Phocine distemper virus (PDV) has been common in the northern Atlantic ocean for decades but as a result of melting Arctic sea ice it has now appeared among marine mammals in the northern Pacific ocean too.
The 15-year study which tracked the animals via satellite found PDV, which can kill some species, was most common in years when so much Arctic ice melted it became possible for mammals to move freely from the Atlantic to Pacific regions.
Steadily rising global temperatures due to climate change have meant more and more sea ice is melting around the Arctic, opening up sea lanes which for thousands of years have been impassable.
Between 1979 and 2018, Arctic sea ice declined on average 12.8 per cent each decade, according to the Intergovernmental Panel on Climate Change (IPCC).
“These sea ice changes in September are likely unprecedented for at least 1,000 years,” the IPCC said in a report published in September.
The scientists said a severe spike in PDV in 2003 and 2004 among marine mammals in the northern Pacific was connected to a record ice melt in August 2002.
Testing showed about 30 per cent of Stellar sea lions in the northern Pacific Ocean were infected with the disease, which had previously been mostly confined to Atlantic populations.
PDV did not peak again in the Pacific until 2009, which was also just one year after widespread melting in 2008 that created open water passage routes.

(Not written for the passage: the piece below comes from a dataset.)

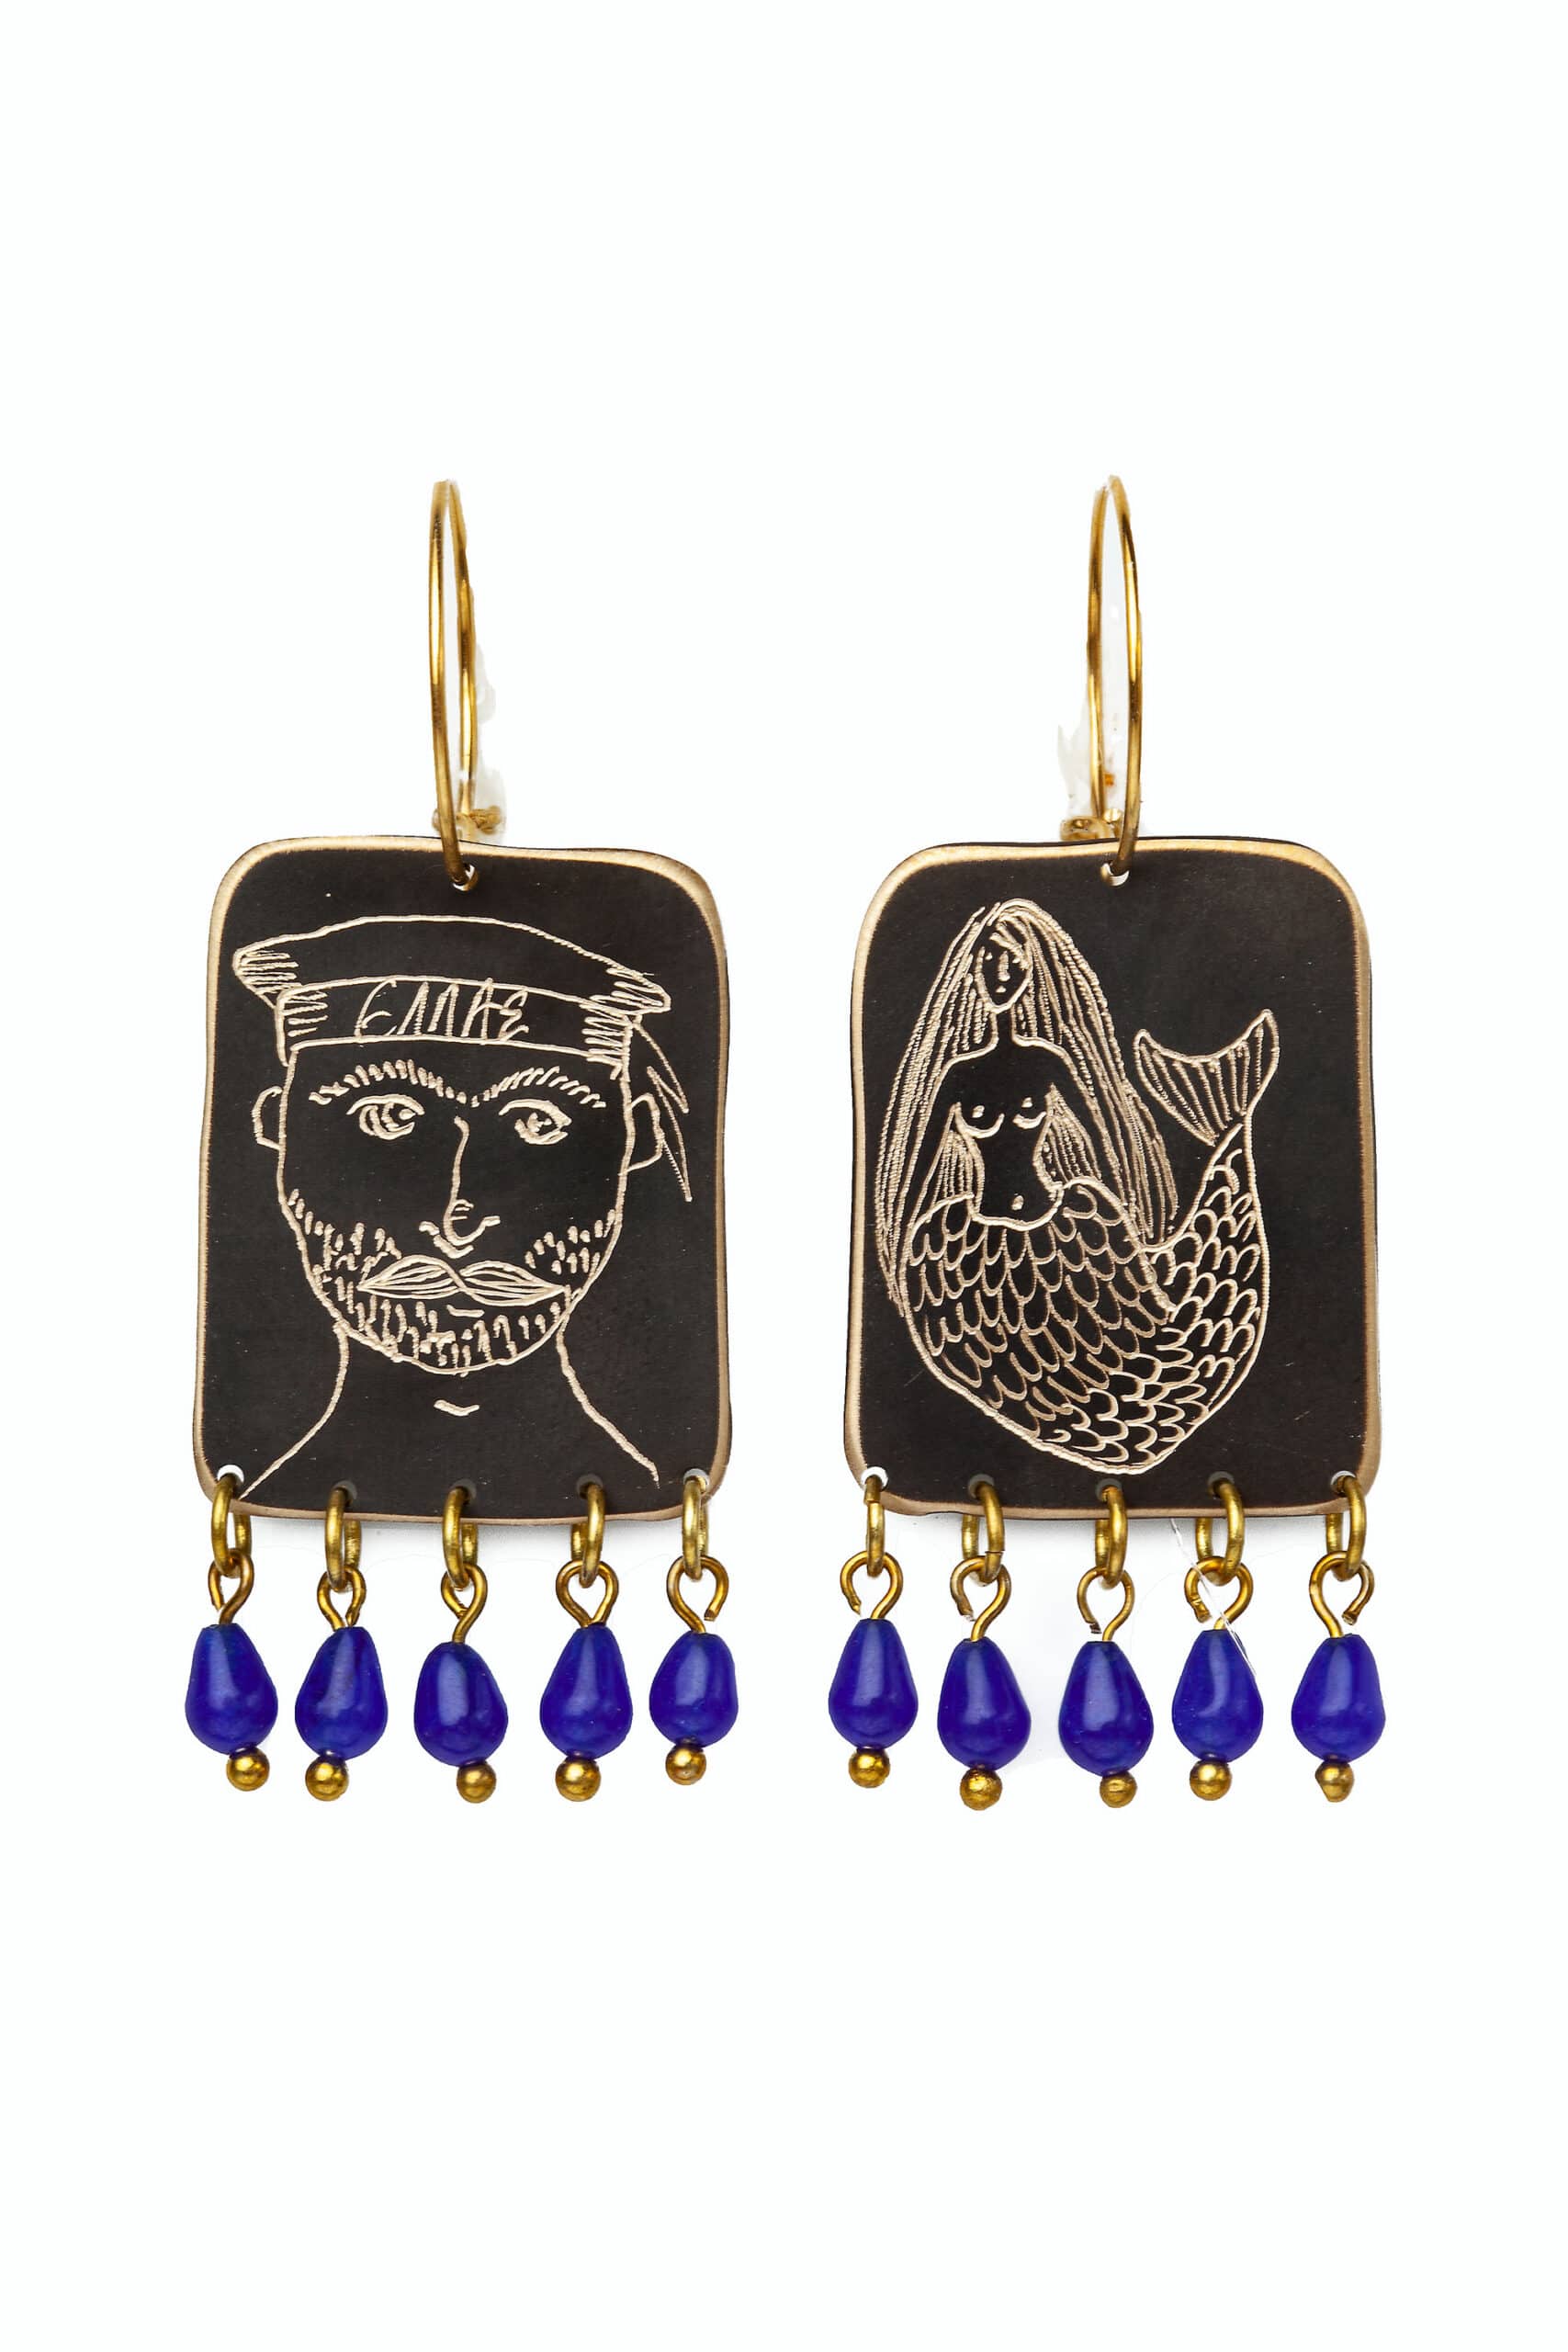 Χειροποίητα κοσμήματα | Σκουλαρίκια ορείχαλκου με χάραξη και διακοσμημένο με μπλε χαλαζία. Ασημένιοι επιχρυσωμένοι κρίκοι main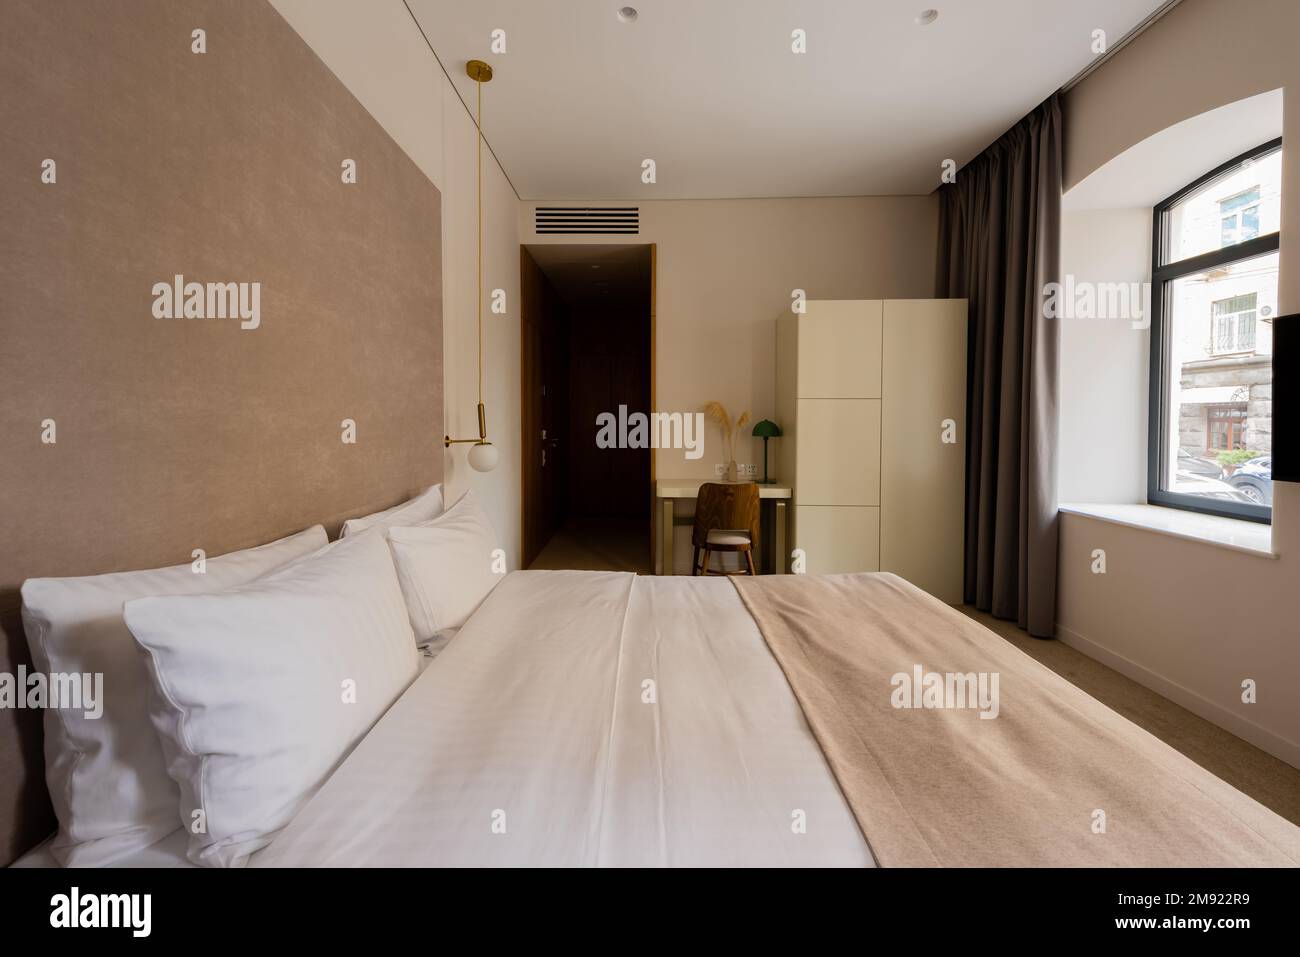 Komfortables Bett mit weißer Bettwäsche neben Schreibtisch und Stuhl im modernen Hotelzimmer, Stockbild Stockfoto

“The loss of sea ice is leading marine wildlife to seek and forage in new habitats and removing that physical barrier, allowing for new pathways for them to move,” one of the study’s authors Dr Tracey Goldstein, from the University of California, Davis, told the BBC.
“As animals move and come in contact with other species, they carry opportunities to introduce and transmit new infectious disease, with potentially devastating impacts.”
Symptoms of PDV include laboured breathing, fevers and attacks on the nervous system. It was first identified in the late 1980s after unprecedented epidemics swept through populations of seals and sea lions, beginning with landlocked seals in Lake Baikal in Siberia.
This first outbreak killed about 18,000 harbour seals in the North and Baltic Seas. Another epidemic in 2002 in the North Sea is believed to have wiped out more than half of the seal population in the region.